详细的过程如下图所示,具体可参考 [9]。
关于上图有几点需要说明的是。
- 首先从 root 开始遍历,root 包括全局指针和 goroutine 栈上的指针。
- mark 有两个过程。
- 从 root 开始遍历,标记为灰色。遍历灰色队列。
- re-scan 全局指针和栈。因为 mark 和用户程序是并行的,所以在过程 1 的时候可能会有新的对象分配,这个时候就需要通过写屏障(write barrier)记录下来。re-scan 再完成检查一下。
- Stop The World 有两个过程。
- 第一个是 GC 将要开始的时候,这个时候主要是一些准备工作,比如 enable write barrier。
- 第二个过程就是上面提到的 re-scan 过程。如果这个时候没有 stw,那么 mark 将无休止。
另外针对上图各个阶段对应 GCPhase 如下:
- Off: _GCoff
- Stack scan ~ Mark: _GCmark
- Mark termination: _GCmarktermination
3.2 写屏障 (write barrier)
关于 write barrier,完全可以另外写成一篇文章,所以这里只简单介绍一下,这篇文章的重点还是 Golang 的 GC。垃圾回收中的 write barrier 可以理解为编译器在写操作时特意插入的一段代码,对应的还有 read barrier。
为什么需要 write barrier,很简单,对于和用户程序并发运行的垃圾回收算法,用户程序会一直修改内存,所以需要记录下来。
Golang 1.7 之前的 write barrier 使用的经典的 Dijkstra-style insertion write barrier [Dijkstra ‘78], STW 的主要耗时就在 stack re-scan 的过程。自 1.8 之后采用一种混合的 write barrier 方式 (Yuasa-style deletion write barrier [Yuasa ‘90] 和 Dijkstra-style insertion write barrier [Dijkstra ‘78])来避免 re-scan。具体的可以参考 17503-eliminate-rescan。
3.3 标记
下面的源码还是基于 go1.8rc3。这个版本的 GC 代码相比之前改动还是挺大的,我们下面尽量只关注主流程。垃圾回收的代码主要集中在函数 gcStart() 中。

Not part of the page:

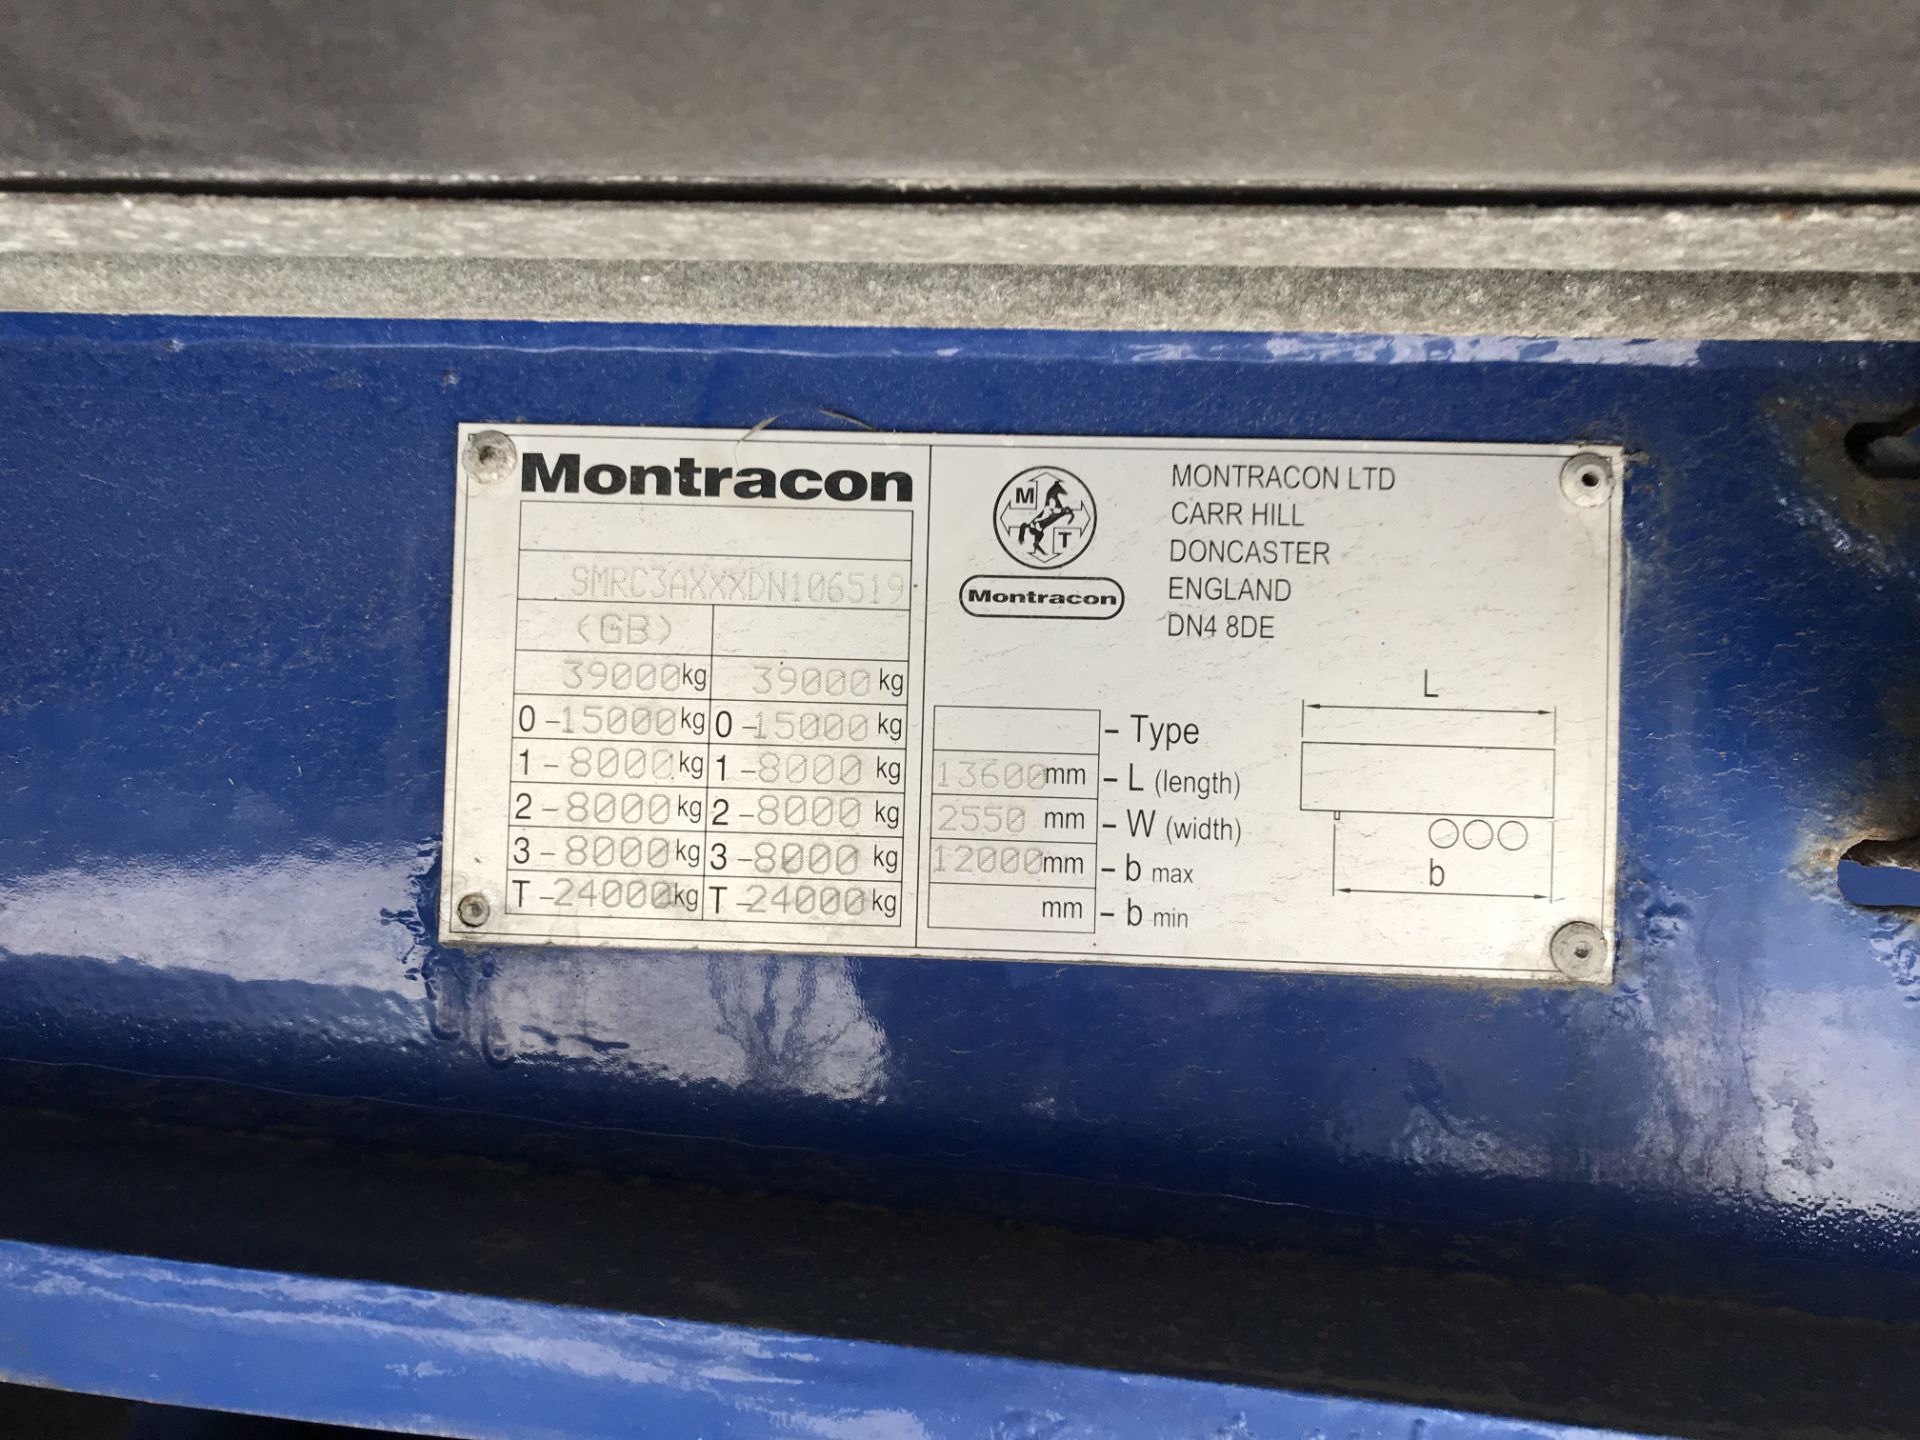 Montracon 13.6m Tri-Axle Curtainside Single Deck Semi-Trailer, chassis no. SMRC3AXXXDN106519, ID no. - Bild 6 aus 6

// gcStart 是 GC 的入口函数,根据 gcMode 做处理。 // 1. gcMode == gcBackgroundMode(后台运行,也就是并行), _GCoff -> _GCmark // 2. 否则 GCoff -> _GCmarktermination,这个时候就是主动 GC func gcStart(mode gcMode, forceTrigger bool) { ... }
|
1. STW phase 1
在 GC 开始之前的准备工作。
func gcStart(mode gcMode, forceTrigger bool) {
...
//在后台启动 mark worker
if mode == gcBackgroundMode {
gcBgMarkStartWorkers()
}
...
// Stop The World
systemstack(stopTheWorldWithSema)
...
if mode == gcBackgroundMode {
// GC 开始前的准备工作
//处理设置 GCPhase,setGCPhase 还会 enable write barrier
setGCPhase(_GCmark)
gcBgMarkPrepare() // Must happen before assist enable.
gcMarkRootPrepare()
// Mark all active tinyalloc blocks. Since we're
// allocating from these, they need to be black like
// other allocations. The alternative is to blacken
// the tiny block on every allocation from it, which
// would slow down the tiny allocator.
gcMarkTinyAllocs()
// Start The World
systemstack(startTheWorldWithSema)
} else {
...
}
}
`
2. Mark
Mark 阶段是并行的运行,通过在后台一直运行 mark worker 来实现。
func gcStart(mode gcMode, forceTrigger bool) {
...
//在后台启动 mark worker
if mode == gcBackgroundMode {
gcBgMarkStartWorkers()
}
}
func gcBgMarkStartWorkers() {
// Background marking is performed by per-P G's. Ensure that
// each P has a background GC G.
for _, p := range &allp {
if p == nil || p.status == _Pdead {
break
}
if p.gcBgMarkWorker == 0 {
go gcBgMarkWorker(p)
notetsleepg(&work.bgMarkReady, -1)
noteclear(&work.bgMarkReady)
}
}
}
// gcBgMarkWorker 是一直在后台运行的,大部分时候是休眠状态,通过 gcController 来调度
func gcBgMarkWorker(_p_ *p) {
for {
// 将当前 goroutine 休眠,直到满足某些条件
gopark(...)
...
// mark 过程
systemstack(func() {
// Mark our goroutine preemptible so its stack
// can be scanned. This lets two mark workers
// scan each other (otherwise, they would
// deadlock). We must not modify anything on
// the G stack. However, stack shrinking is
// disabled for mark workers, so it is safe to
// read from the G stack.
casgstatus(gp, _Grunning, _Gwaiting)
switch _p_.gcMarkWorkerMode {
default:
throw("gcBgMarkWorker: unexpected gcMarkWorkerMode")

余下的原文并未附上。